*Data provided*
----

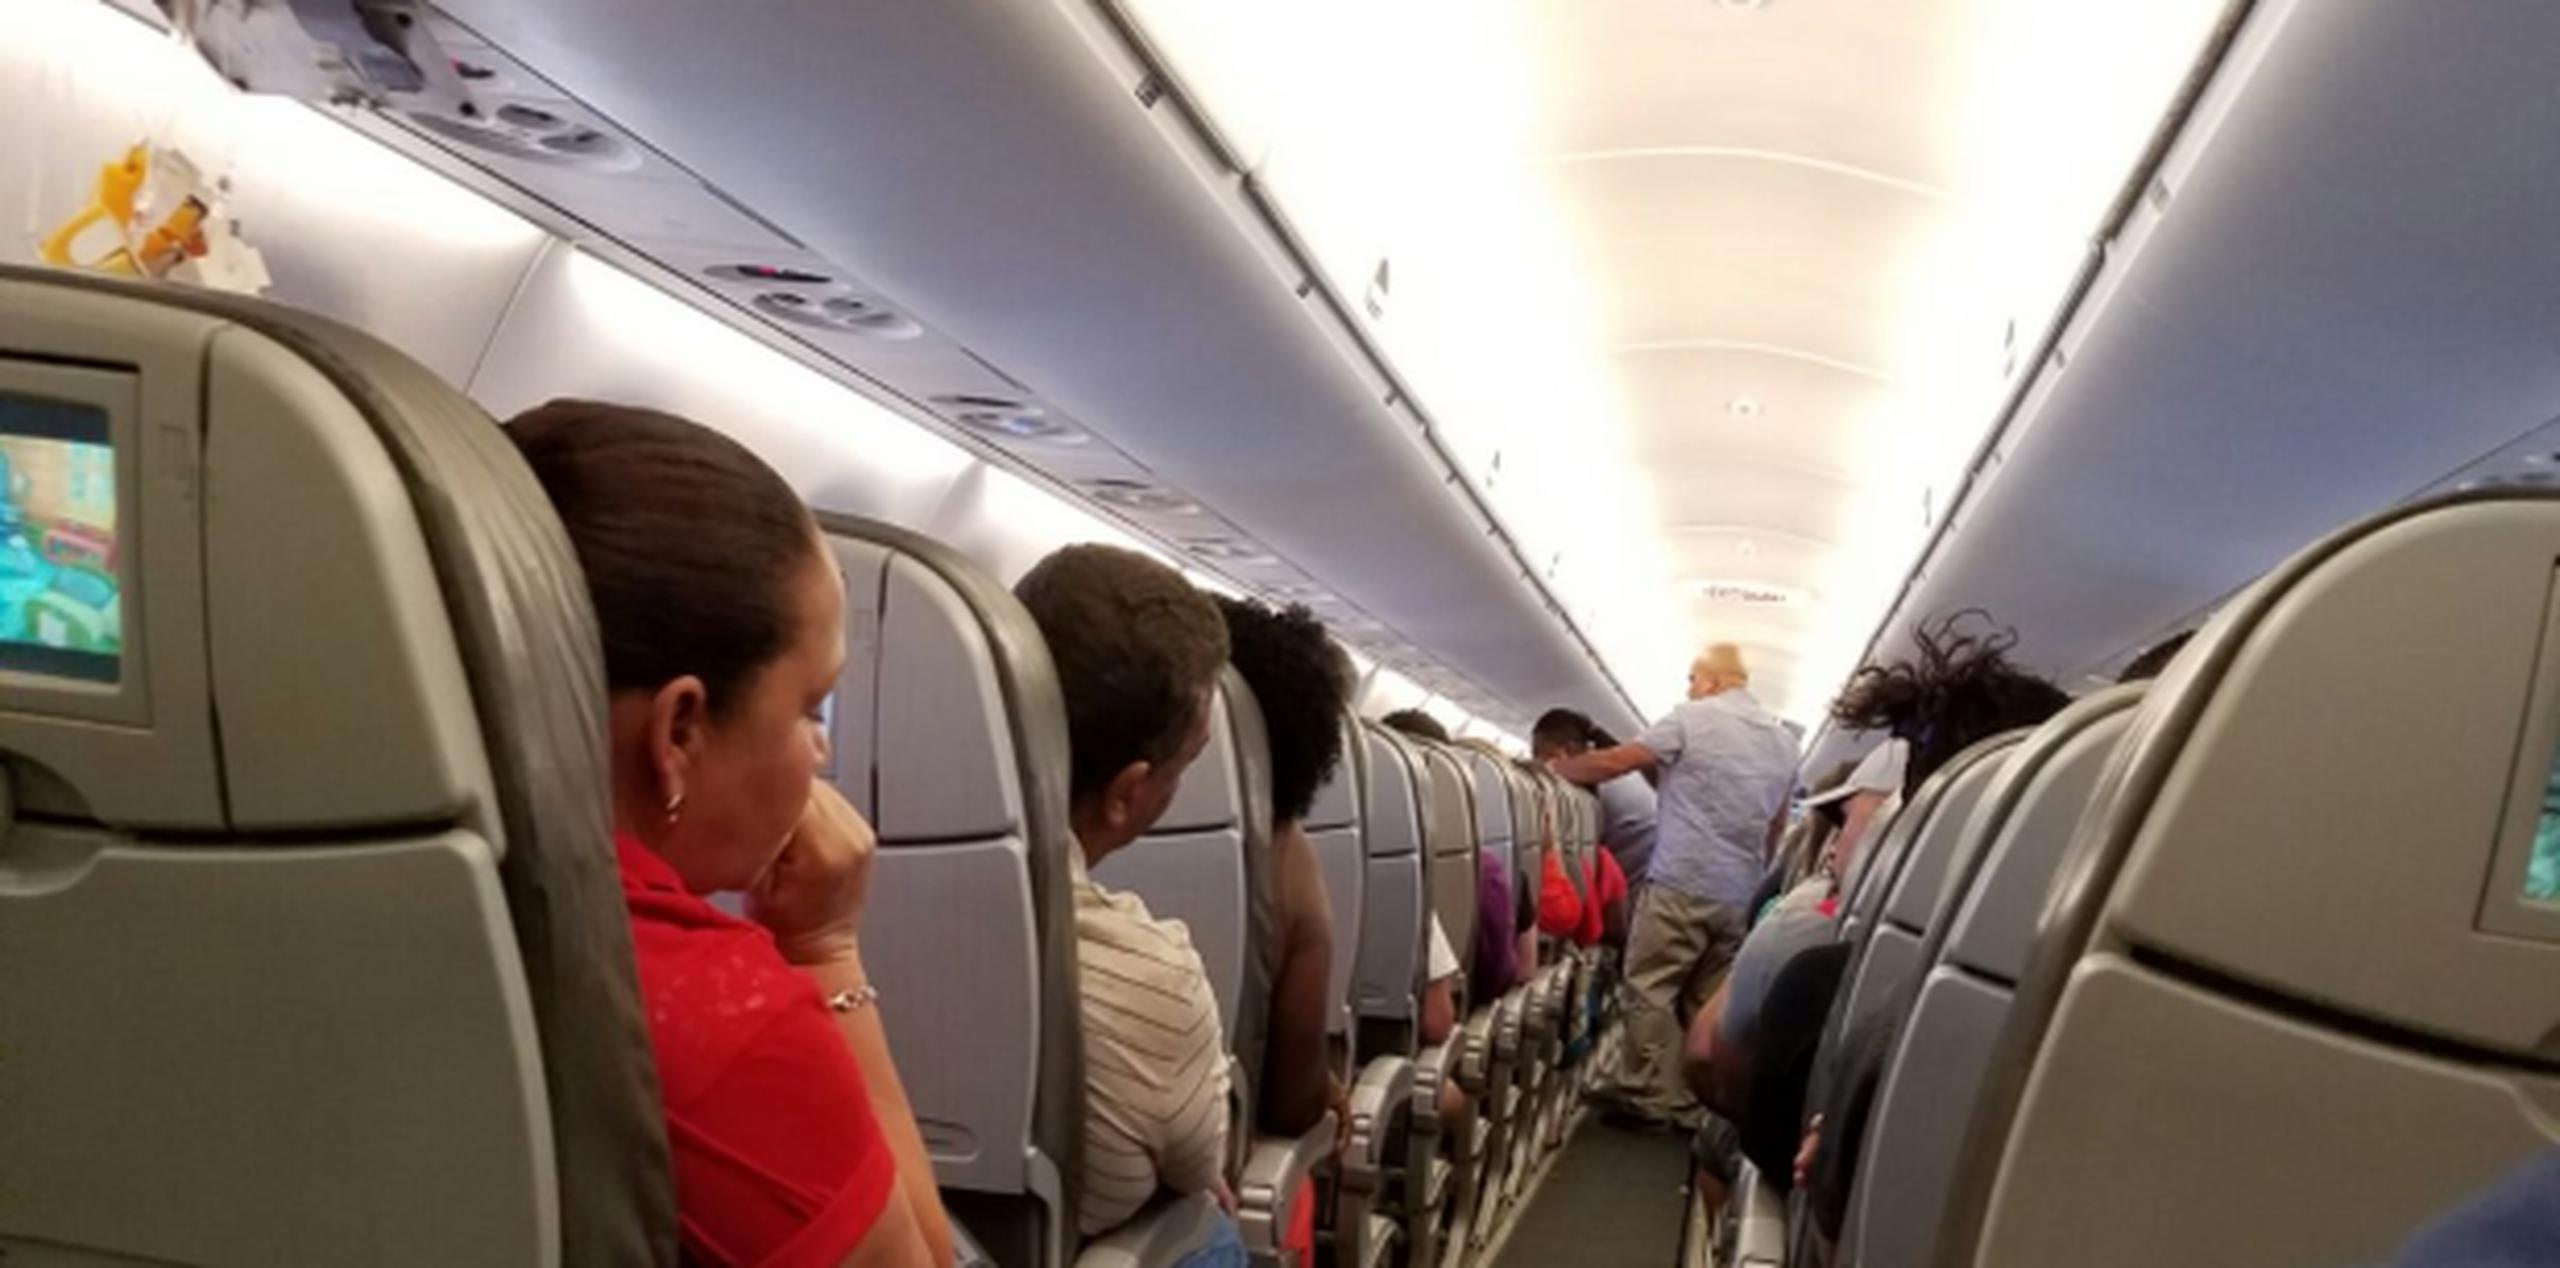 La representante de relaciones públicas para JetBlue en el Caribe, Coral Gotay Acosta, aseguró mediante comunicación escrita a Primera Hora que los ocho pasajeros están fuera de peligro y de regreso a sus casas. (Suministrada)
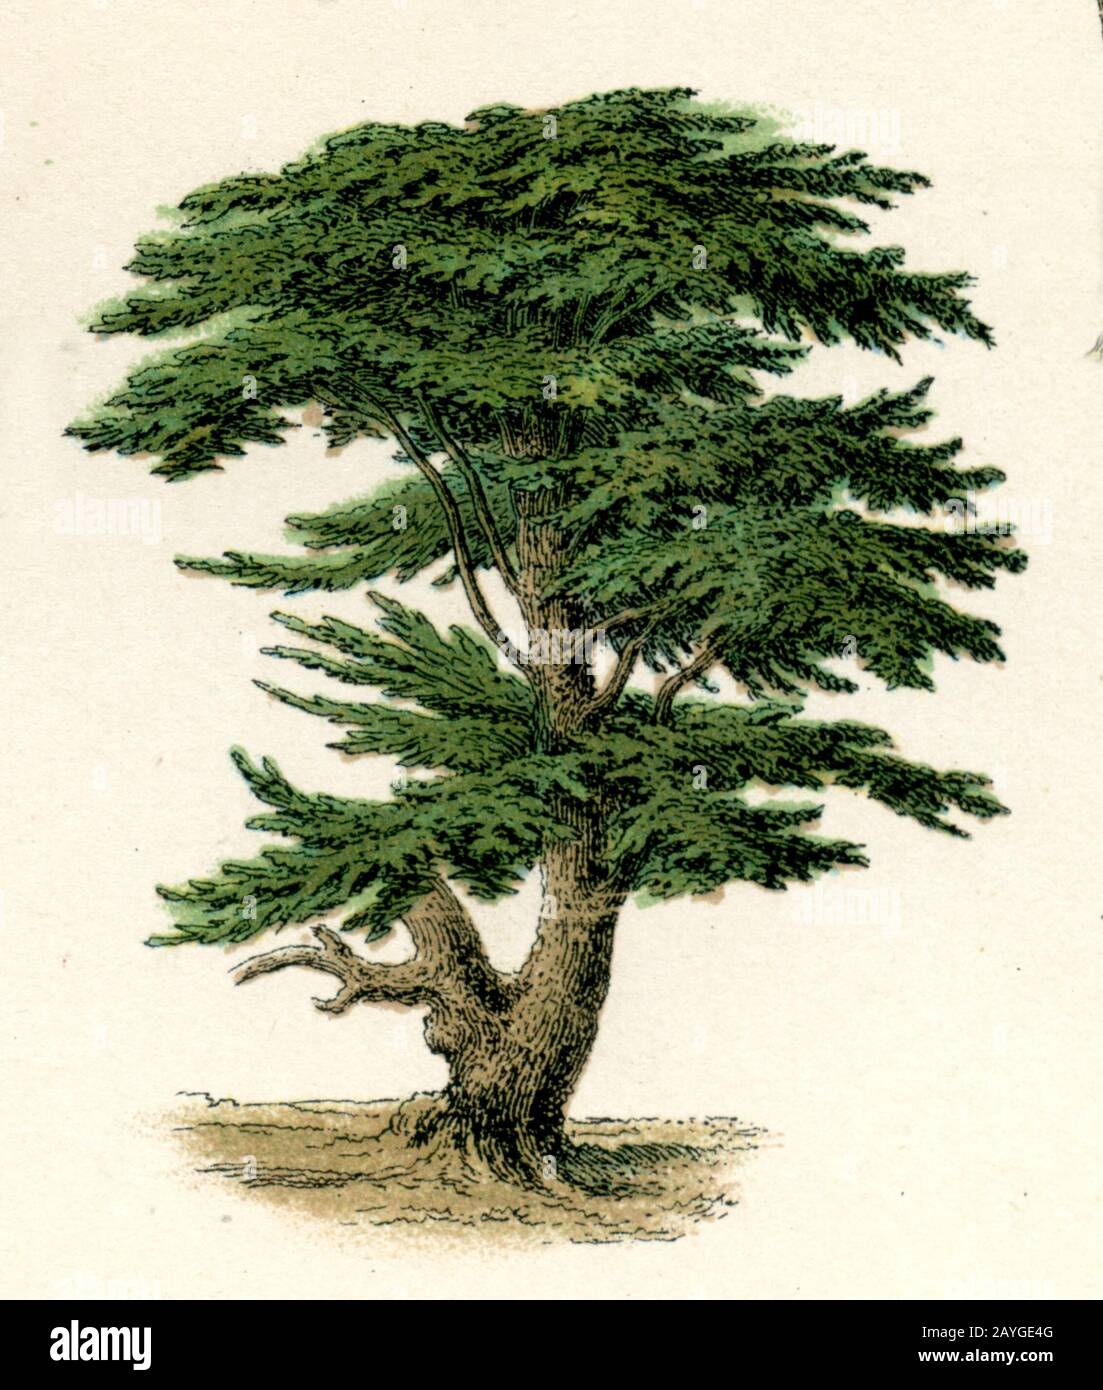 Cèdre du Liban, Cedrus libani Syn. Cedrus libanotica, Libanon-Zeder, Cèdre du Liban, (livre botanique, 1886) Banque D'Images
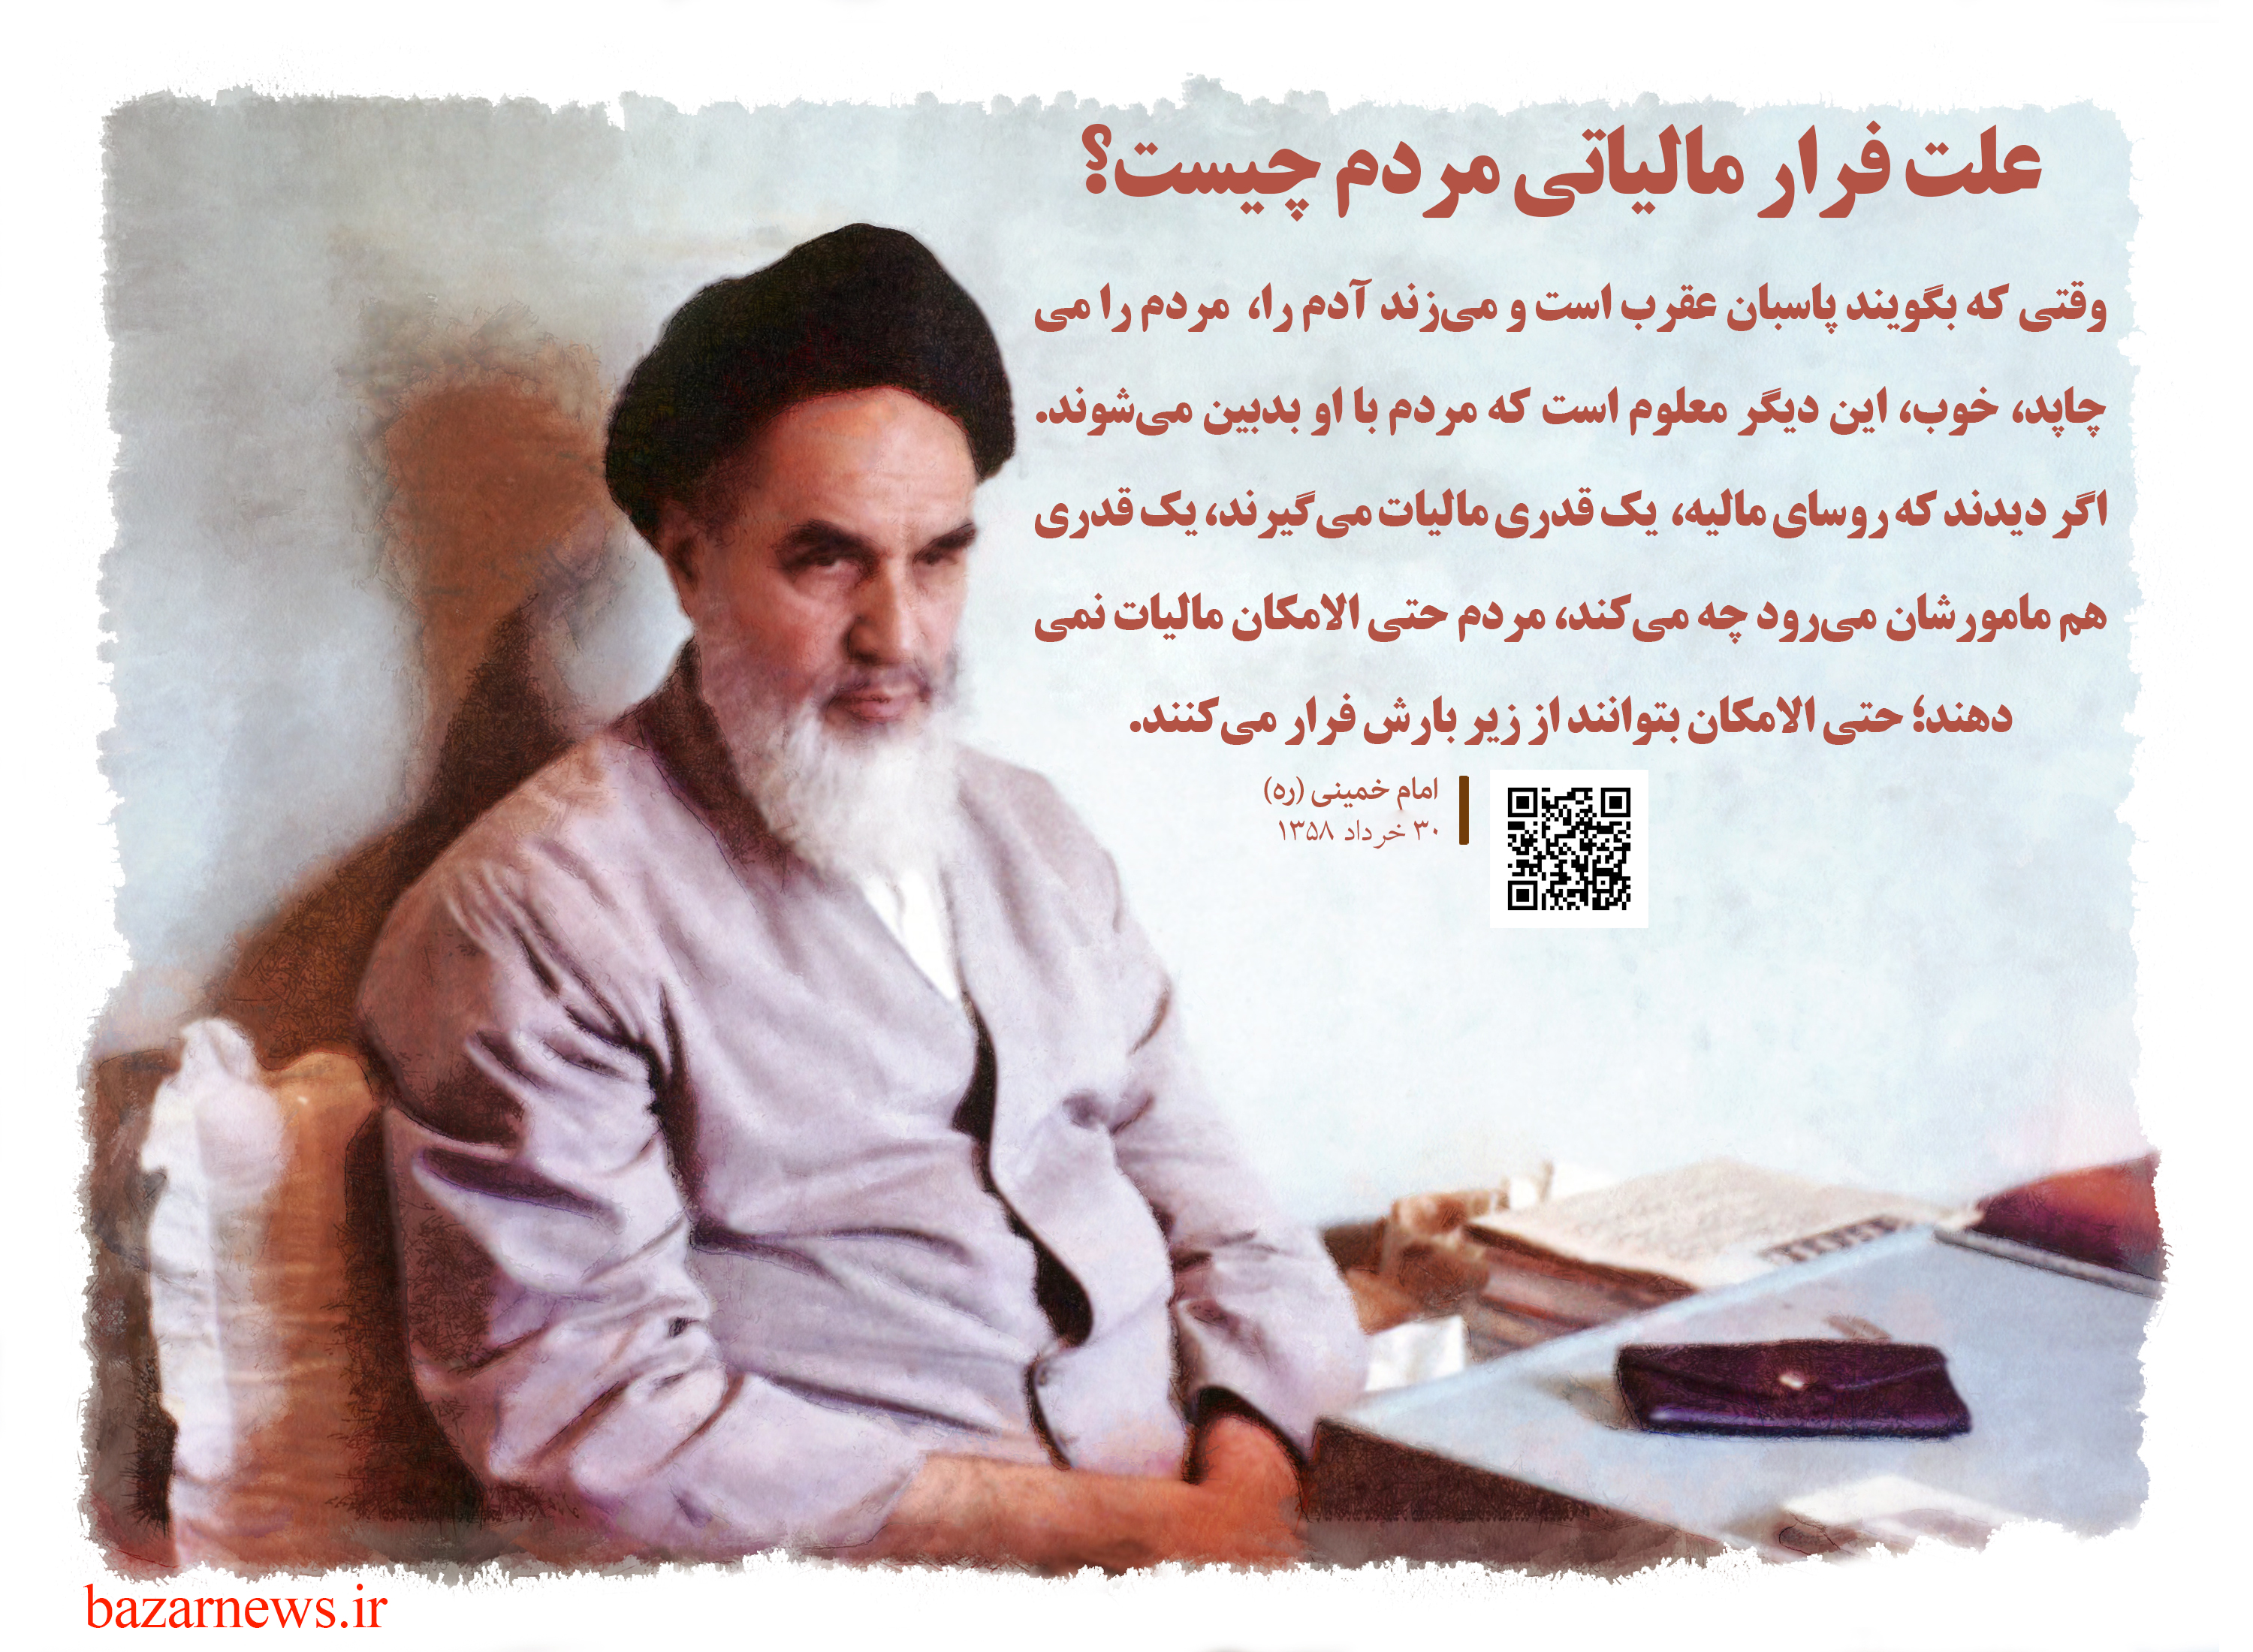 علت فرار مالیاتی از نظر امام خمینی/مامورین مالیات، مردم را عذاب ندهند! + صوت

----

*About this exercise*
Without including any picture, reproduce all of the material exactly.

*Reply to the exercise*
 La representante de relaciones públicas para JetBlue en el Caribe, Coral Gotay Acosta, aseguró mediante comunicación escrita a Primera Hora que los ocho pasajeros están fuera de peligro y de regreso a sus casas. (Suministrada)
 Cèdre du Liban, Cedrus libani Syn. Cedrus libanotica, Libanon-Zeder, Cèdre du Liban, (livre botanique, 1886) Banque D'Images
 علت فرار مالیاتی از نظر امام خمینی/مامورین مالیات، مردم را عذاب ندهند! + صوت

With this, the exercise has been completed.